The first week or two of January, I went in and asked if I could volunteer there. Megan Sharp, aka the slightly older version of me, seemed genuinely excited by this and said I was welcome whenever I wanted to be there. Starting the following Tuesday, I have been there every Tuesday, Wednesday, Thursday, and most Fridays since. I'm estimating that I have spent close to 150 hours there in the last three months. This is on top of school, musical practice, and my actual job, but it's been the best 150 hours I can imagine. Obviously, I was born to be in a museum.
I did a little soul searching and decided that this is what I'm meant to do. I NEED to find a way to get paid to be in a museum, cleaning antique bowls, cataloging newspaper articles, researching local families, I need to do this forever. I feel like I am incredibly lucky to have found what I believe to be my life's calling at the ripe, young age of 17.

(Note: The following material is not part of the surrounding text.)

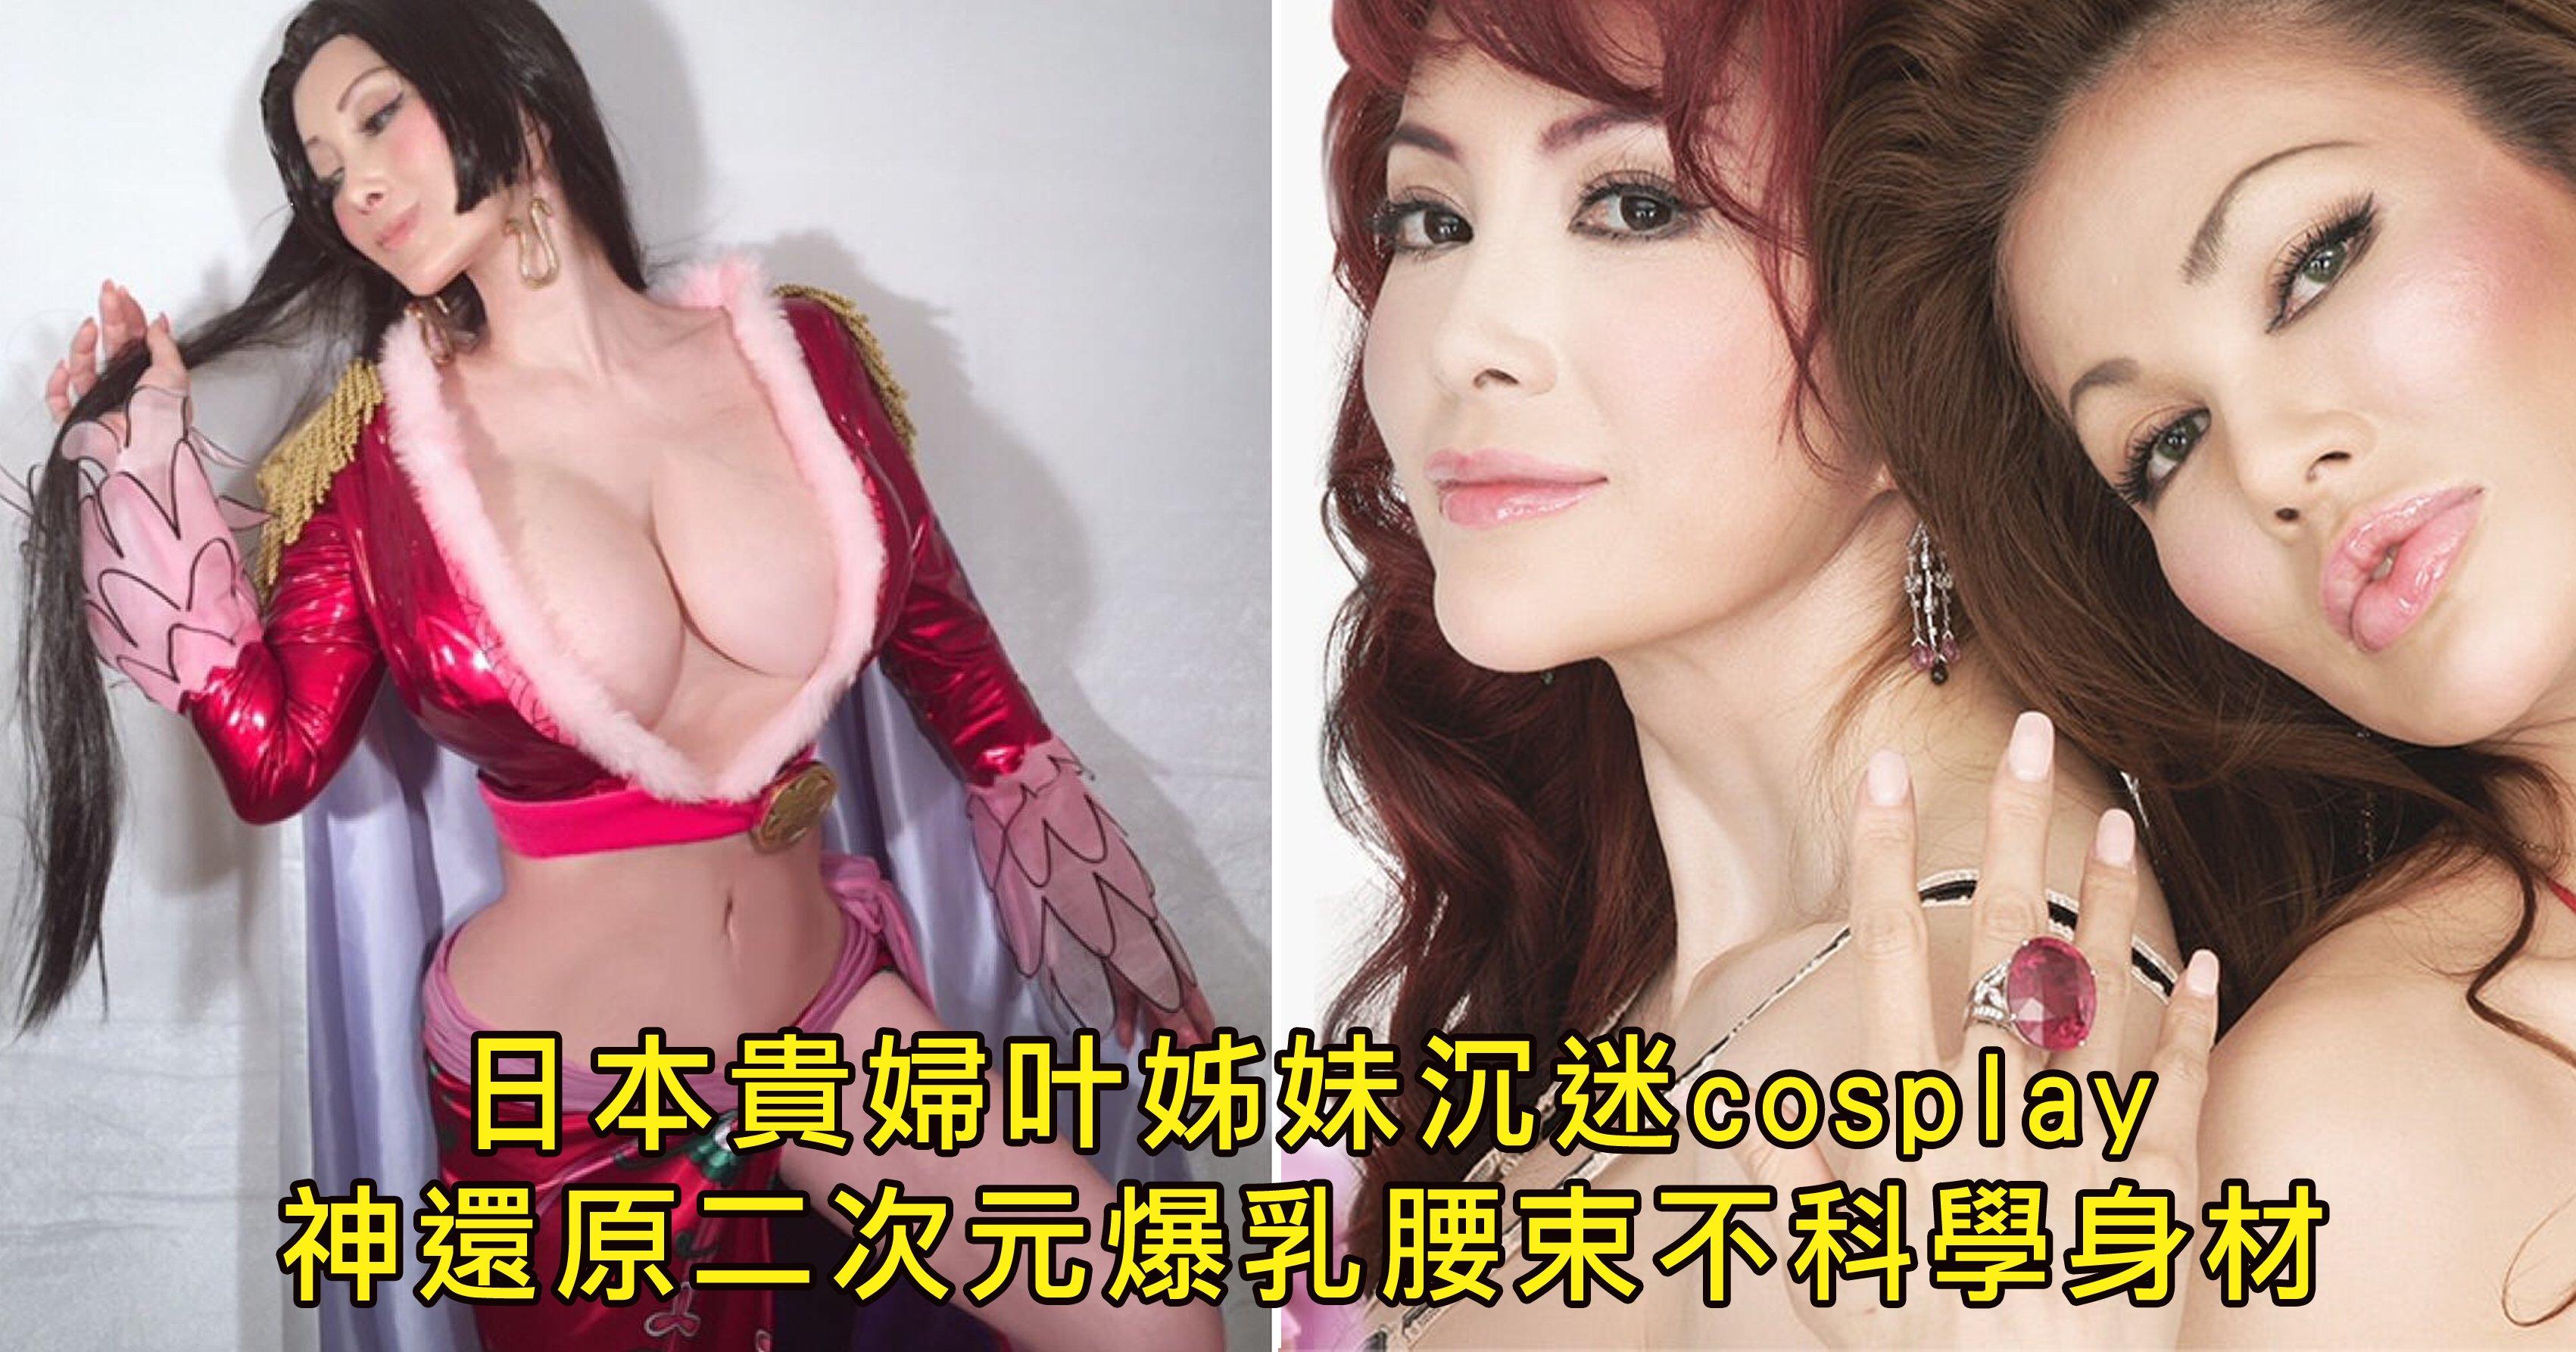 181029 216.jpg?resize=412,232 - 這才是真正的蛇姬!日本貴婦迷上cosplay,神還原二次元爆乳身材

How does this all tie in with a lady with feather earrings and a scalpel picking away at a rotting wolf's pelt? Emily Graslie feels the same way about zoology and taxidermy as I do about my little museum. She loves it so much that after she graduated with a degree in painting, she went back to school to get a degree to allow her to get paid to work at the museum. That's right, she doesn't get paid to do all of this nifty stuff either. I guess that's why I like her so much. We're floating in alarmingly similar boats. Except hers just went from being a 'me' to being a celebrity in the eyes of Nerdfightaria. Emily and Hank and Michael and everyone else who supports these videos are the reason I even thought of going into Museum Studies! She was kind of the eye-opener that said, "Hey. If you really love it, don't talk yourself out of it. It's not just for old people anymore. Grab your cardigan and go live life!